Use static HTML file for 404 page

[DrQuincy]

Just an idea really. Recently, I had server issues due to a ton of 404s that were all firing up ProcessWire. It was an unusual scenario but it made me wonder if it's possible to have a static HTML page that is used for either all 404s — or maybe some 404s.

All 404s would be simpler. Is it possible to switch this off so that Apache handles all 404s instead of PW?

Just thinking out loud but I also wondered if it would be possible to restrict the static 404 page to certain extensions such as images. In my example above, the server overload was due to broken image links.

I'd still like all other errors (e.g. 500, 403) to go through PW.

Thanks. 🙂 

[bernhard]

Ryan wrote a blog post for you: https://processwire.com/blog/posts/optimizing-404s-in-processwire/ 😉 

[DrQuincy]

Perfect, thanks!

On this comment:

Quote

If you aren't using ProcessWire's $config->pagefileSecure setting (and most sites aren't) then you might want to prevent ProcessWire from serving 404s for non-existent image files.

I am not setting this to true in my config.php. However, I do have some sites where under the Access tab of the template I have Prevent direct access to file assets owned by pages using this template? set to Yes, always. Does this effectively set $config->pagefileSecure = true for all assets belonging to pages that use that template? In other words, if you are wanting to manage access to assets you cannot use a static 404 HTML file. Is that right? It makes sense but I just wanted to check.

[bernhard]

13 hours ago, DrQuincy said:

In other words, if you are wanting to manage access to assets you cannot use a static 404 HTML file. Is that right? It makes sense but I just wanted to check.

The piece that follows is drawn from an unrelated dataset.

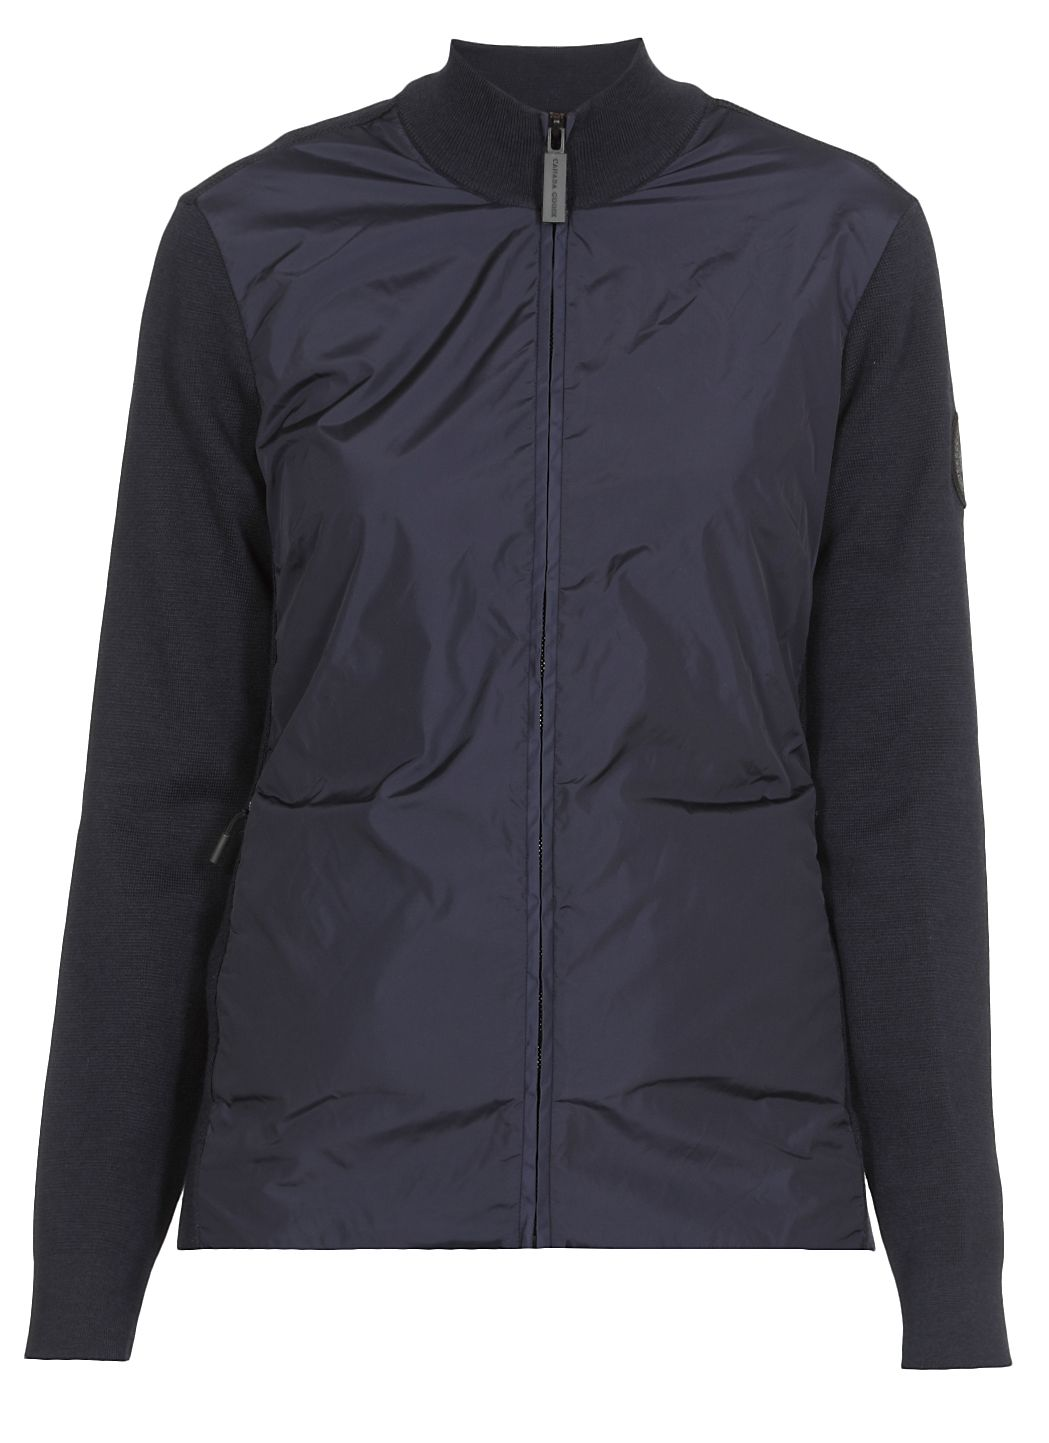 Windbridge Jacket

I don't think so but I don't have time to look into it 🙂 

[BrendonKoz]

Searching the ProcessWire files for the phrase, "Prevent direct access to file assets owned by" led me to ProcessTemplate.module in wire/modules/Process/ProcessTemplate. From there, this is the relevant code:

/**
 * Build the "pagefileSecure" field for the "access" tab
 * 
 * @param Template $template
 * @return InputfieldRadios
 * 
 */
protected function buildEditFormAccessFiles(Template $template) {

	/** @var InputfieldRadios $f */
	$f = $this->wire()->modules->get('InputfieldRadios');
	$f->attr('id+name', 'pagefileSecure');
	$f->label = $this->_('Prevent direct access to file assets owned by pages using this template?');
	$f->icon = 'download';
	$f->description =
		$this->_('When direct access to a file in [u]/site/assets/files/[/u] is blocked, ProcessWire can manage delivery of the file, rather than Apache.') . ' ' .
		$this->_('This enables the file to be access controlled in the same manner as the page that owns it, while still using the original file URL.') . ' ' .
		$this->_('Note that it takes more overhead to deliver a file this way, so only choose the “Yes always” option if you need it.');
	$f->notes =
		$this->_('Always test that the access control is working how you expect by attempting to access the protected file(s) in your browser.') . ' ' .
		$this->_('Do this for when you expect to have access (logged-in) and when you do not (logged-out).');
	$f->addOption(0, $this->_('No') . ' ' . 
		'[span.detail] ' . $this->_('(uses site-wide configuration instead)') . ' [/span]');
	$f->addOption(1, $this->_('Yes when page is unpublished, in the trash, or not publicly accessible'));
	$f->addOption(2, $this->_('Yes always, regardless of page status or access control'));
	$f->val((int) $template->pagefileSecure);
	if(!$template->pagefileSecure) $f->collapsed = Inputfield::collapsedYes;
	
	return $f;
}

Considering the attribute name is pagefileSecure, I would think it'd be safe to assume that, yes, that enabled pagefileSecure for those templates within your site. I don't use pagefileSecure myself, so I don't know if there's an adjustment that could be made to the htaccess so that secure pagefiles can work as expected, while insecure can still not be rendered by ProcessWire. There might be some results of people working with that in these forums. (I'd normally look, but unless I revisit this later, my break time is up!)

[cwsoft]

Guess one part of the story is that pagefileSecure relies on .htaccess available on Apache servers. So it won‘t work on NGINX powered servers unless you port the htaccess over to NGINX equivalent - if possible at all.  As htaccess can inherit rules from parent folders and can be disabled from your ISP, it is good practice to test htaccess access restrictions before it goes live. 

Edited August 26 by cwsoft

[DrQuincy]

I think you're right. It makes sense you can't tell PW to ignore images while at the same time handling access for them.

[BrendonKoz]

I mostly wasn't sure if an adjustment to the htaccess rules if also using the setting for pagefileSecurePathPrefix might provide a workaround.

EDIT: It does not appear as though there is a simple workaround here.